In Scotland, where there are about 15,000 looked-after children (including looked-after children at home), we are committed to ending unacceptably long waiting times for a permanent home as experienced by so many children (Safety in numbers, 26 November).

Delaying decisions on a child’s permanent home can seriously impact on their life chances. While speed is of the essence, we need to be considered in our decision making, using all evidence available, and ensuring the child’s welfare is considered at every step.

Where in England “permanence” normally means fostering or adoption (ie, care outside the family home), in Scotland the definition and options are far broader: returning the child to the family home with an appropriate level of care and support; kinship care, where the child lives with another family member; adoption and fostering; and residential care.

We believe that once families have had support to care for their child at home and are unable to do so, every child should be provided with a settled, secure and permanent place to live with minimum disruption to their young lives.

We are working with the Scottish government on the Permanence and Care Excellence (Pace) programme, aimed at developing innovative and rigorous approaches to improve permanence for looked-after children. In Aberdeenshire, the permanence process has almost halved in time, which has exceeded the original aim – hence why the programme is now being rolled out to every local authority in Scotland.
Jennifer Davidson
Executive director, Celcis (Centre for Excellence for Looked After Children in Scotland)
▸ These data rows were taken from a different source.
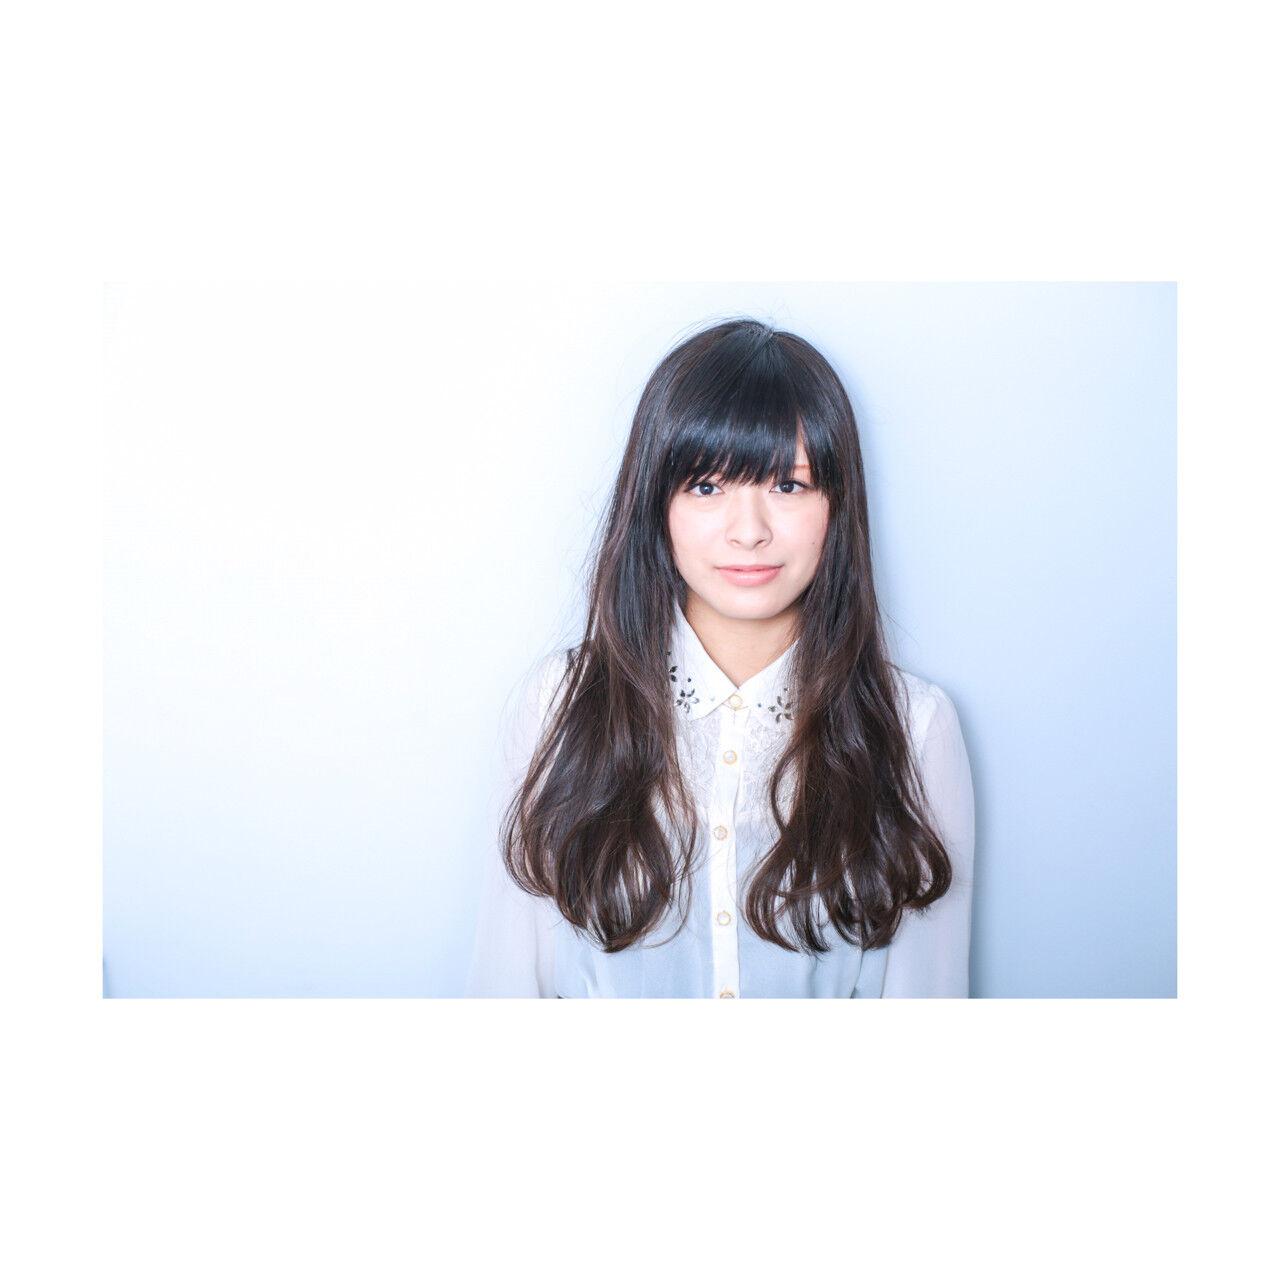 コンサバ 暗髪 黒髪 ロングヘアスタイルや髪型の写真・画像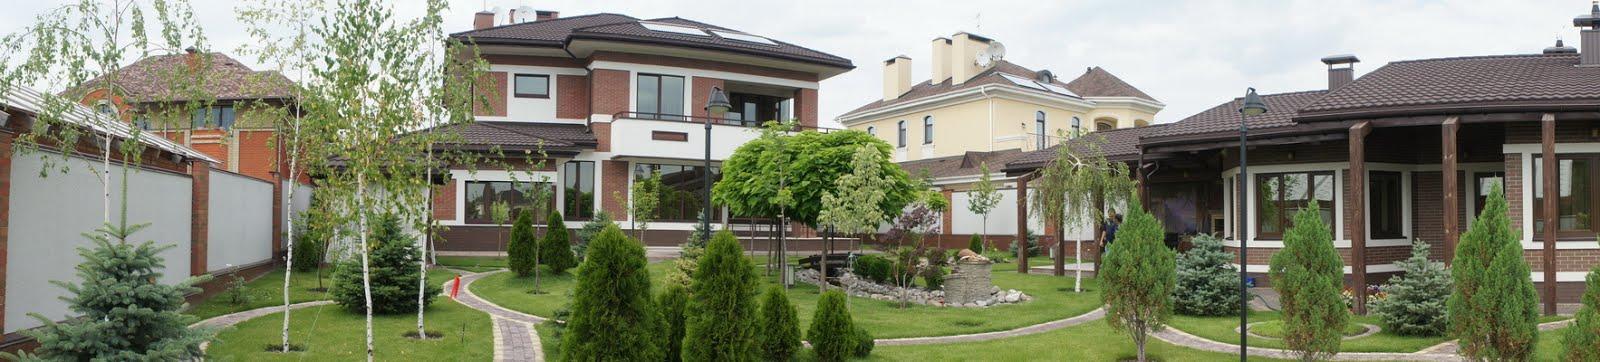 Проекты частных домов, коттеджей. Архитектурный дизайн.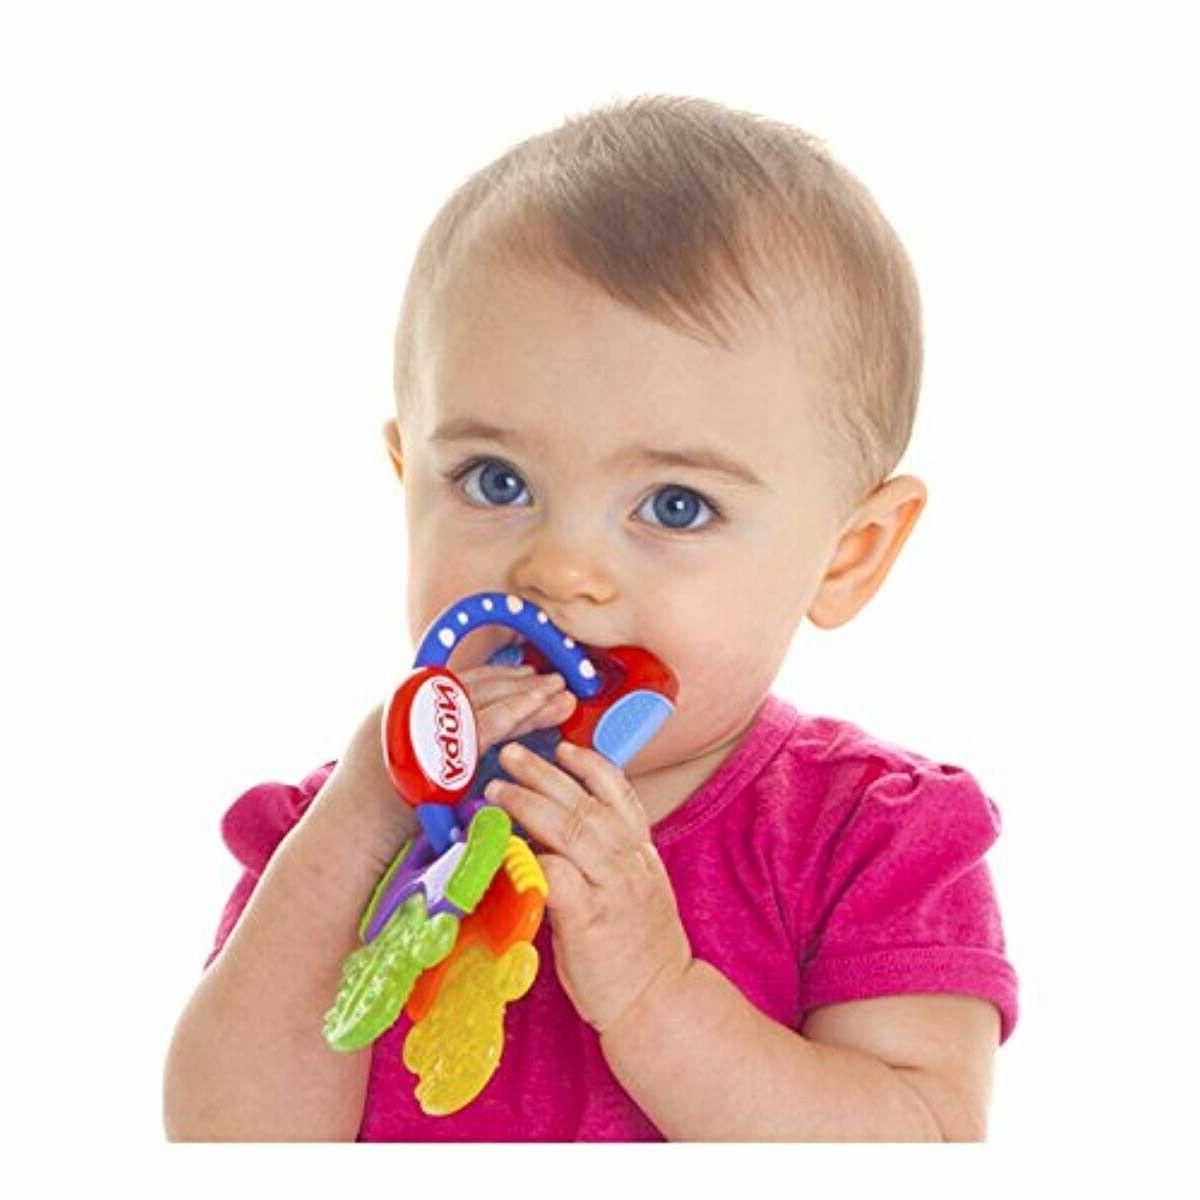 Nuby Keys Gentle Baby Toddler Toy Colorful Teething

 I work with under-18s presenting in mental health crisis. In many cases these children and young people are unsafe as opposed to mentally ill. Along with colleagues in child health and education, I often struggle to get a child or young person registered as a “child in need” let alone put on the child protection register. Removal is rare.

I have worked with many local authority children’s services over the last 20 years. Some have been really thoughtful and highly effective in their safeguarding practice. Others have been organised by the need to get child protection registration numbers down, and the need to save money. Under-18s in their authorities have frequently been subject to practices that simply repeat the abuse and neglect of their family of origin.

Emotional maltreatment is often invisible, and is all too frequently deemed insufficiently risky for action. Authorities keen to manage care within the wider family system (the aim with family group conferences, which are not, as implied in the article, a new intervention) often choose cost-neutral interventions, such as special guardianship orders. The final irony, with such orders, is that care may well be given over to the same grandparent who was the progenitor of the child’s abusive or neglectful parent.
Dr Virginia Davies
Consultant in paediatric liaison/under-18s mental health

 A financial crisis every bit as large as the one affecting adult social care is being faced by children’s homes. Incomes flatline, costs rise (Letters, 30 November). One region has not paid an increase on fees for this year, others make arrangements that incur delays, meanwhile providers carry on caring.

That children’s homes have become invisible is a testimony that good-quality care isn’t newsworthy. This means stories that could outshine past concerns are not publicly prominent.

The prominence for elderly care is just. A new positive prominence for children’s homes would be equally just. We already have the smallest sector in history so the loss of even a small number of providers will be to seriously affect safety, specialism and choice.